---
title: "Week 05 Question Set"
output: html_document
date: "2025-04-29"
---
```{r setup, include=FALSE}
knitr::opts_chunk$set(echo = TRUE)
```
a) **What are SAM/BAM files? What is the difference between to the two?**\
SAM is Sequence Alignmnent/Mapping, and BAM is the binary version of that (hence the B). These files are the resultant of sequence alignment, wherein sequence data is aligned to a genome; the big difference is that BAM files are much smaller and easier to process in downstream work since they are in a compressed binary format. SAM files are much larger, as they are text-based.
b) **`samtools`is a popular program for working with alignment data. What are three common tasks that this software is used for?**\
`samtools` is often used for converting between SAM/BAM/CRAM format, sorting & indexing alignment data, and extracting & filtering alignments.
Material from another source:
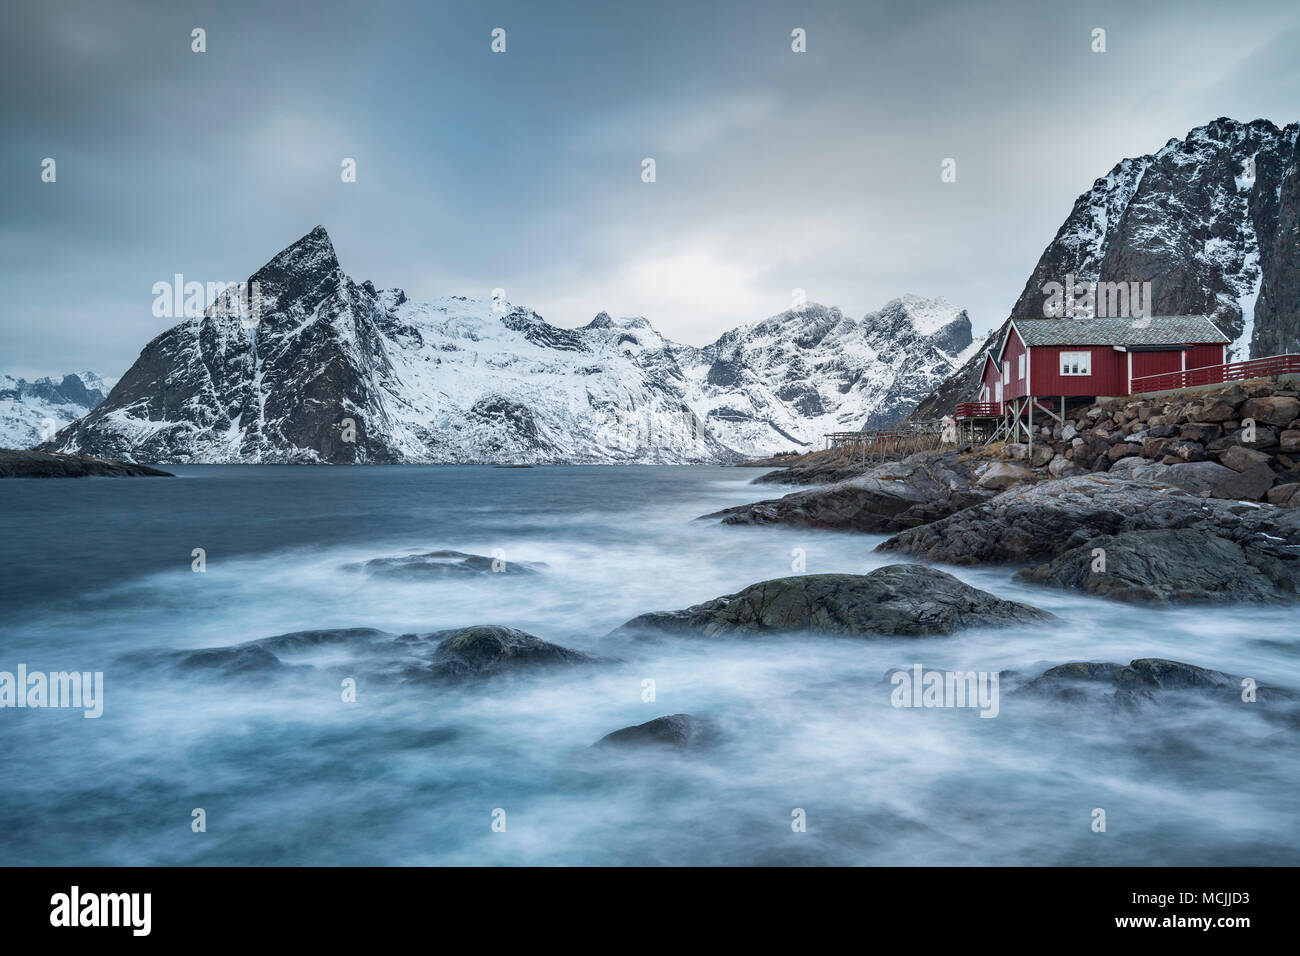 Fishermen's houses, Rorbuer or Rorbu, Moskenesoya, Reine, Hamnoy Lofoten, Norway Stock Photo
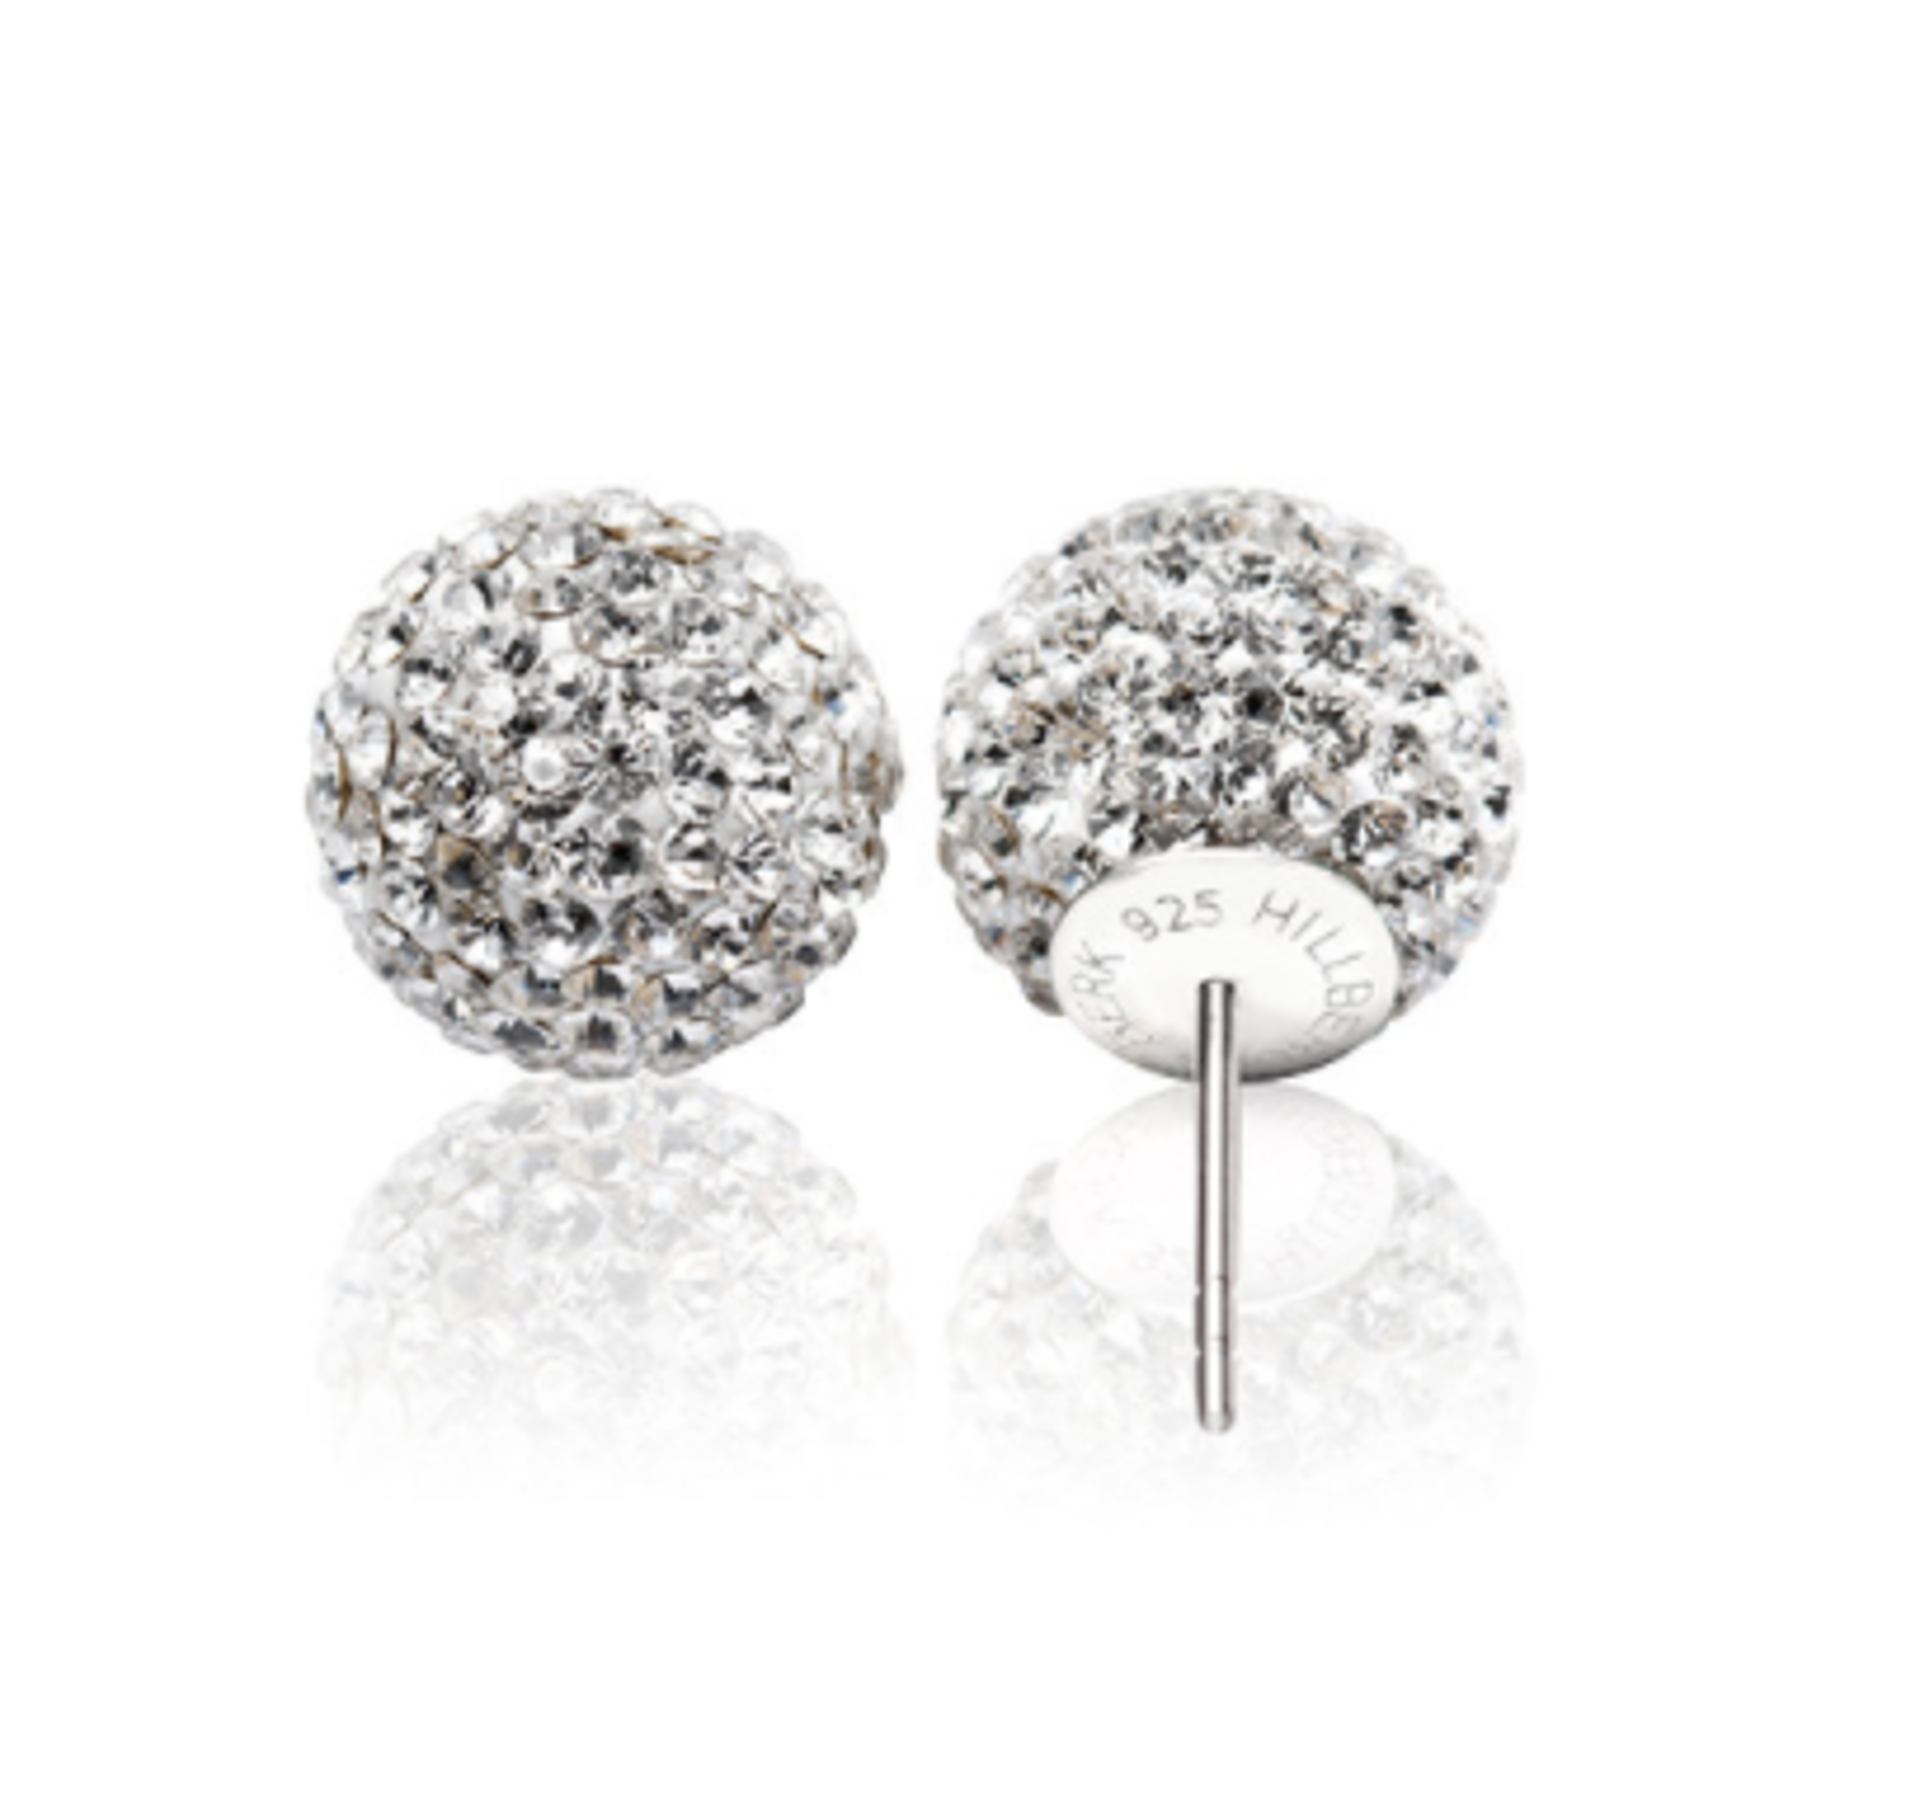 Sparkle Ball Stud Earrings, White, 10mm by HILLBERG & BERK

c) **Why might you want to visualize alignment data and what are two program that can be used for this?**\
It's helpful to visualize alignment data when you want to investigate for mismatches, misalignments, errors in library preparation, SNPs, etc. lots of reasons to physically look at your data! `samtools` has the subcommand `tview` that's useful for quick looks, but a more extensive and user-friendly option is the Integrated Genomics Viewer (IGV).
d) **Describe what VCF file is?**\
VCF files (Variant Call Format) are tab-delimited, plain-text files that contain the infomation on variants in the genomic data produced in the previous pipeline steps, i.e. alignment to the reference genome.